Namun sedetik kemudian Daddy beralih menatap sinis Rei, mulai lagi nih.

"Kamu nggak ngapa-ngapain anak saya kan?!"

"Nggak Om,"

"Jangan bohong kamu!"

"Yang ada anak Om yang apa-apain hati saya,"

"HAH?!"

Omongan Rei langsung membuat Daddy beralih menatap gue sambil memberikan tatapan, 'kamu ada apa-apa sama dia?'

Gue menggeleng cepat, "Nggak Dad!

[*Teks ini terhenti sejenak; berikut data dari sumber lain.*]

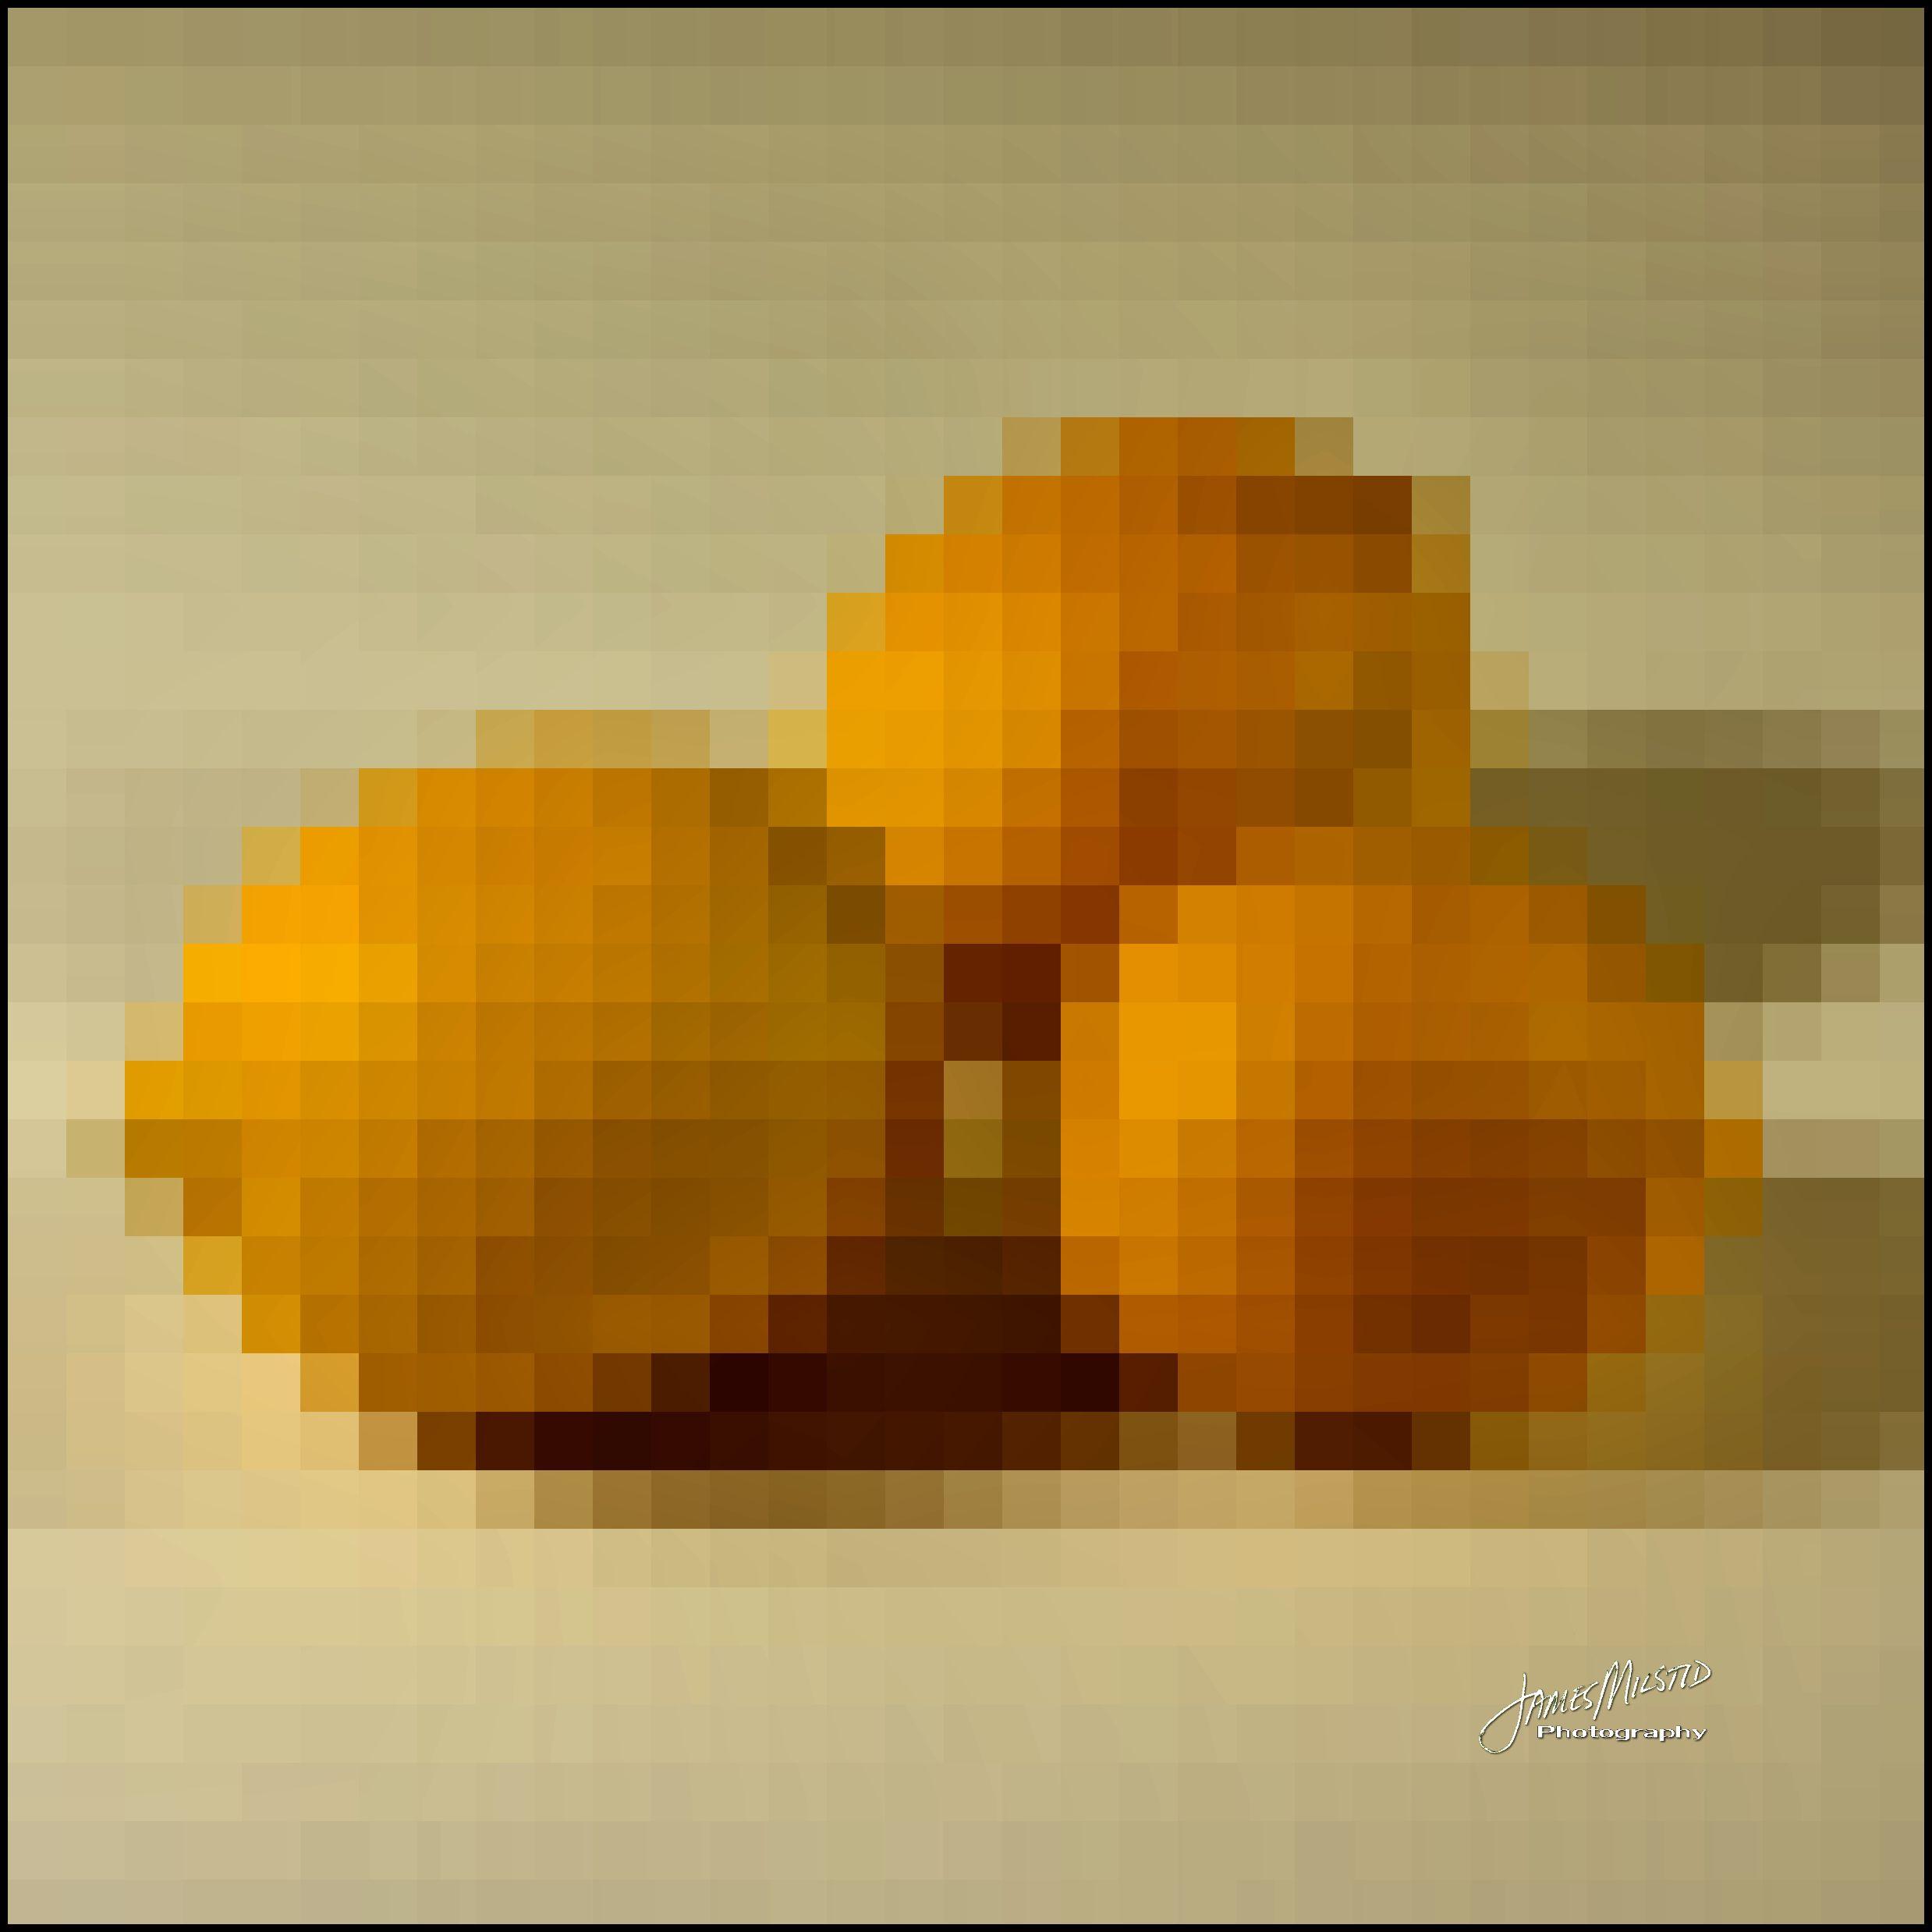 Lemon Pixels - by James Milstid

Rei jahil banget sih!" Gue menggerutu sebal.

Rei nggak dimana-mana pasti aja menjahili gue, nggak capek apa.

Rei ketawa, "Nggak Om maaf bercanda doang,"

Daddy melengos, "Awas aja kamu, mata saya dimana-mana ya!"

"Bukannya mata Om cuma dua?"

"Bukan gitu anak burhan! Aduh anak bapak sama aja, intinya saya mengawasi kamu ya, jangan coba-coba!"

Rei lagi-lagi ketawa, kayanya senang banget bikin Daddy gue emosi.

Akhirnya kita berempat berbincang di cafe yang ada di bandara, setelah sesi berbincang akhirnya kami berempat memutuskan pulang kerumah masing-masing.

Baru mau masuk mobil Daddy yang dititip di parkiran bandara, teriakan Rei membuat gue menghentikan aktivitas.

"BYE-BYE CANTIK!"

Daddy langsung membalikan badan menatap Rei dengan tatapan super sinis nya, "Anak burhan!"

Gue bisa melihat dari sini, Rei lagi-lagi ketawa dan akhirnya mengaduh ketika Om Bokuto menjewer telinga nya.

Sedangkan Daddy memekik puas melihat Rei yang tersiksa, "Rasain tuh!"

Hadeh padahal udah tua tapi masih merasa muda.